— Directions —
Would you write out each line of the material below exactly, skipping every picture?

— Given data —
⁂
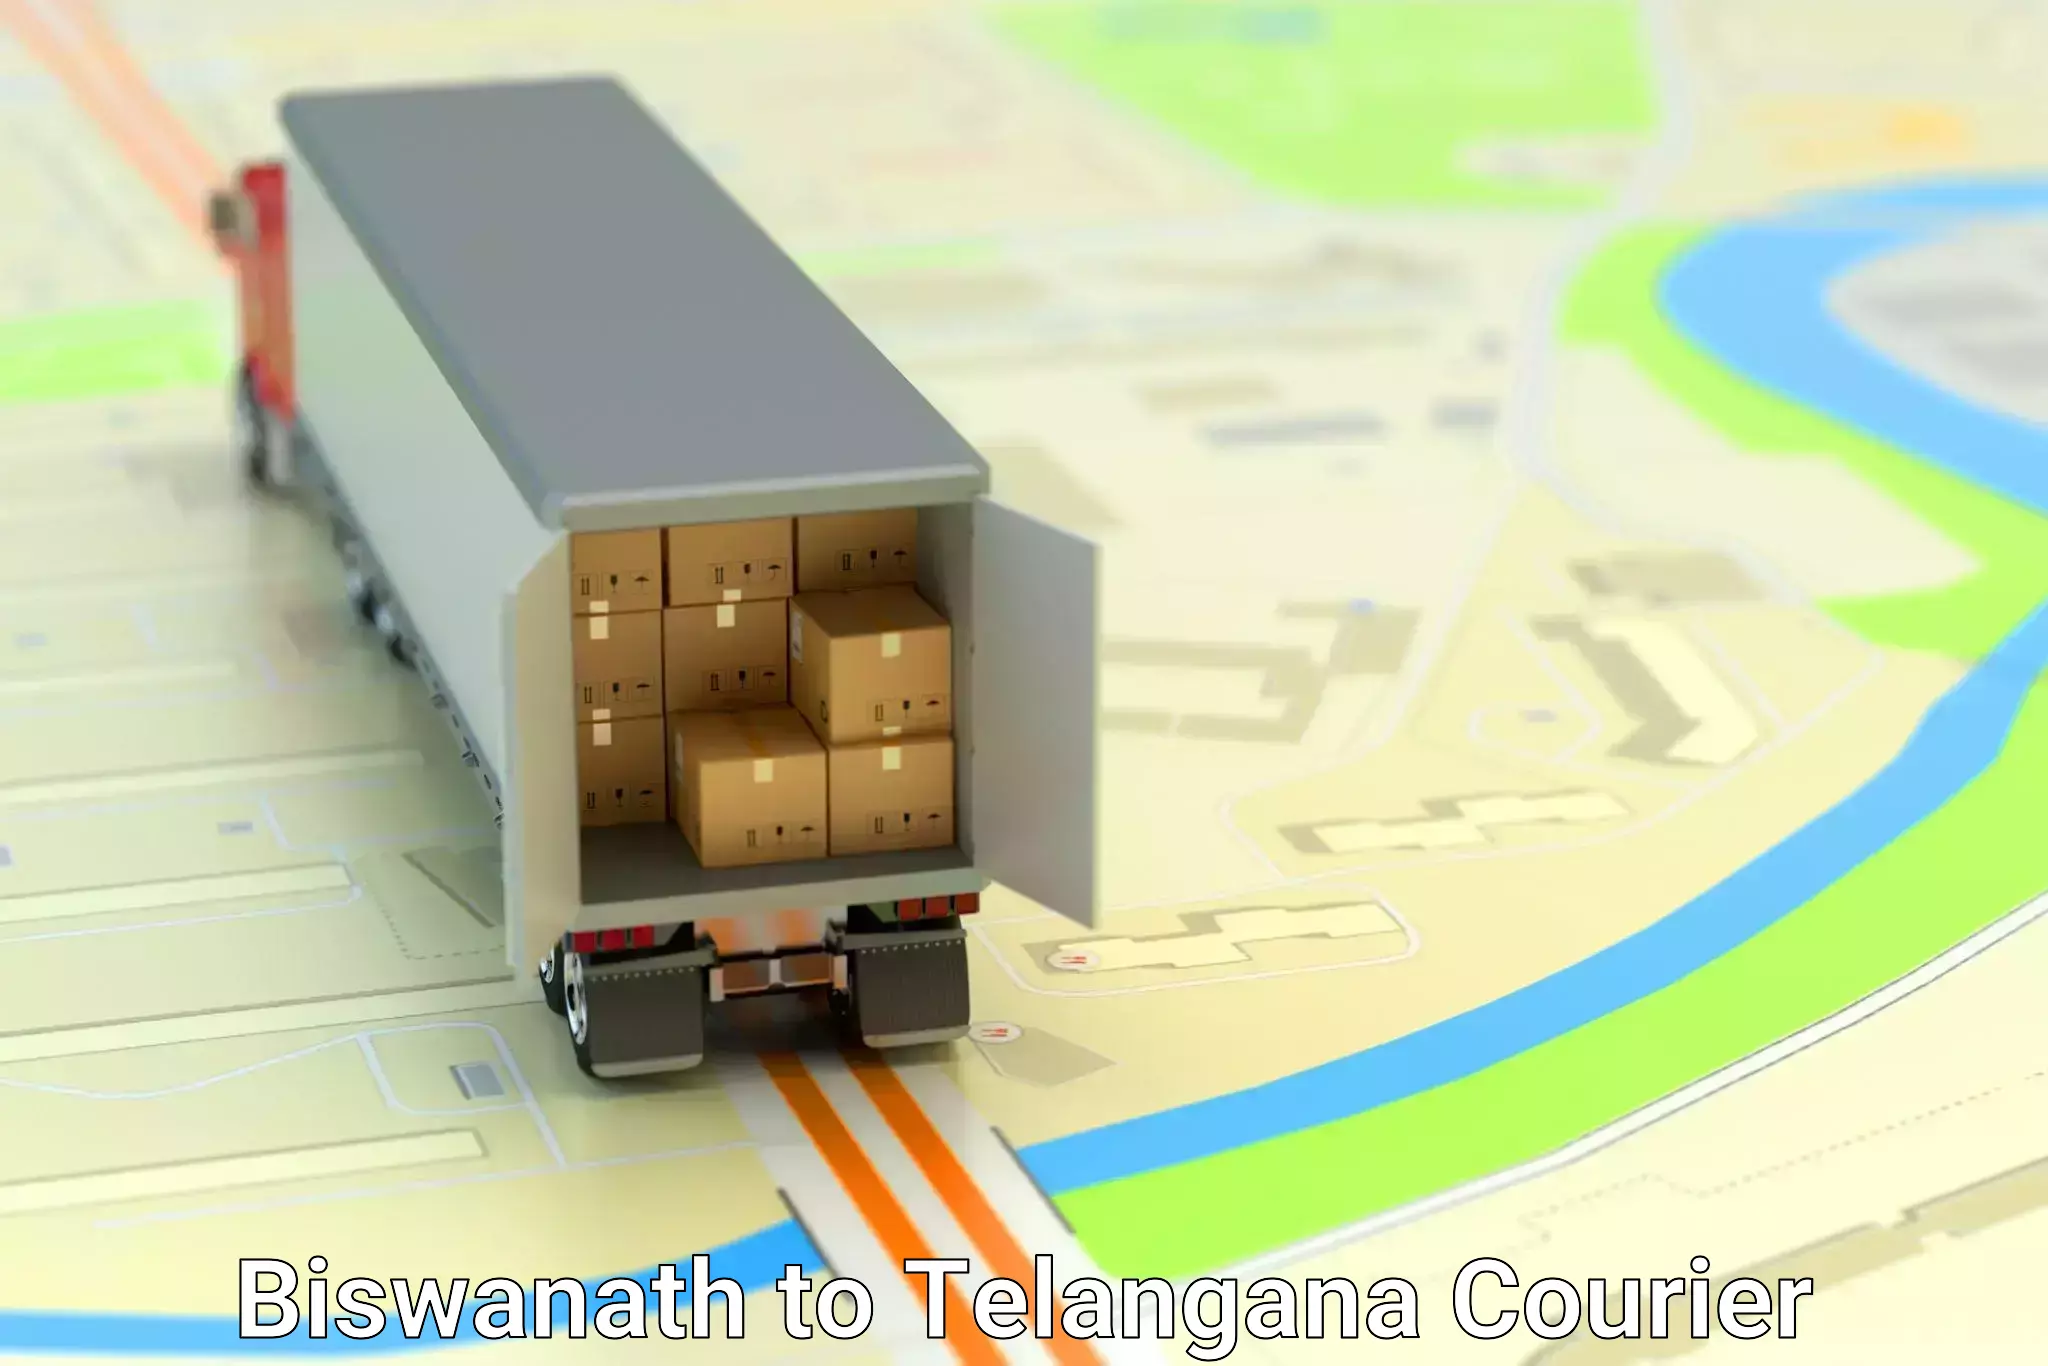 Courier service innovation Biswanath to Trimulgherry
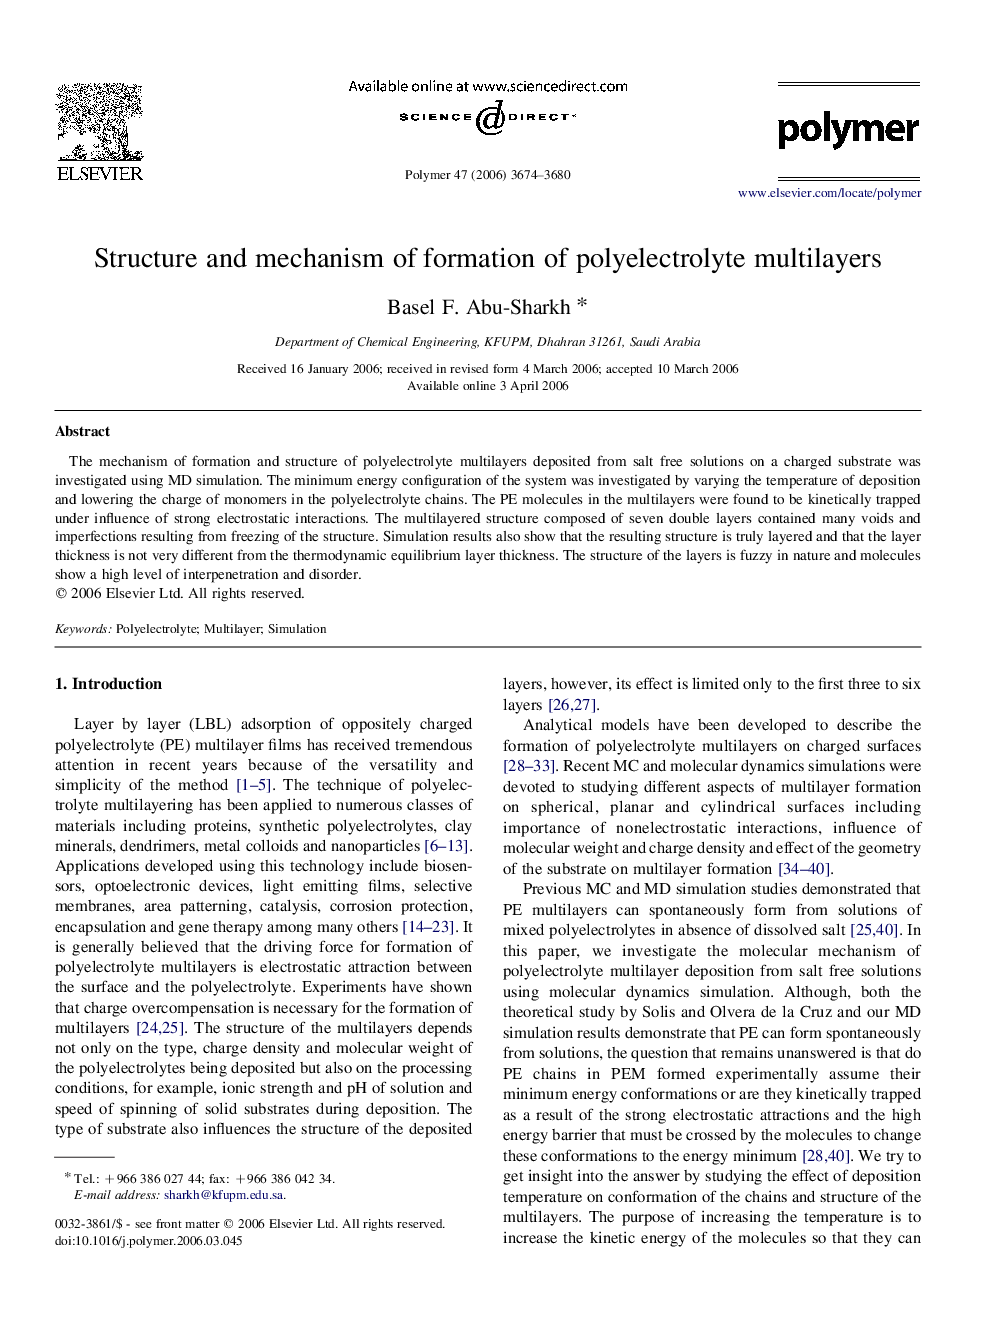 Structure and mechanism of formation of polyelectrolyte multilayers
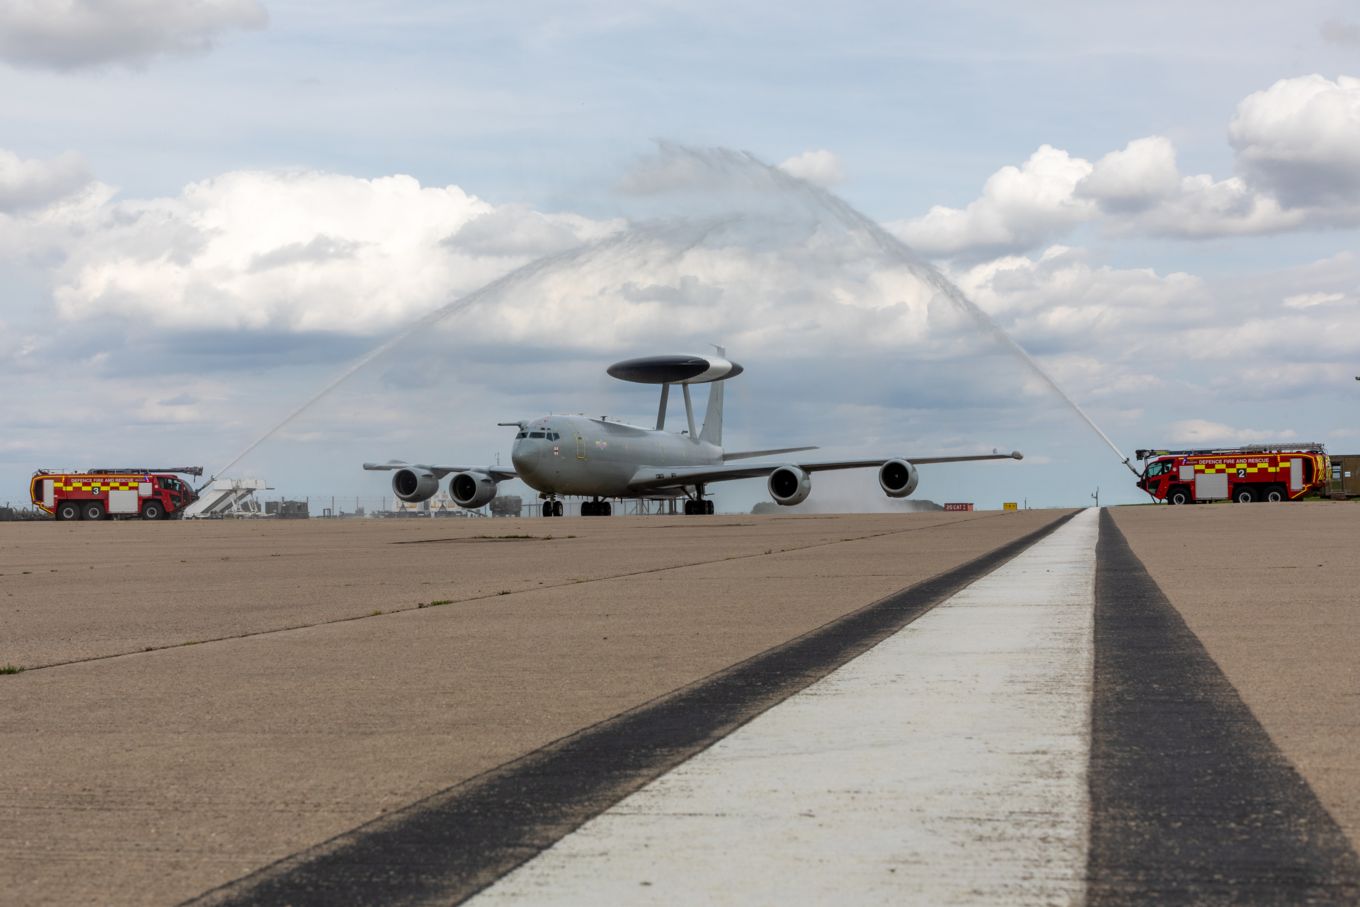 E-3D Sentry on the runway with water arch from emergency vehicles.
⁂
— Expected answer —
 Courier service innovation Biswanath to Trimulgherry
 Structure and mechanism of formation of polyelectrolyte multilayers
 E-3D Sentry on the runway with water arch from emergency vehicles.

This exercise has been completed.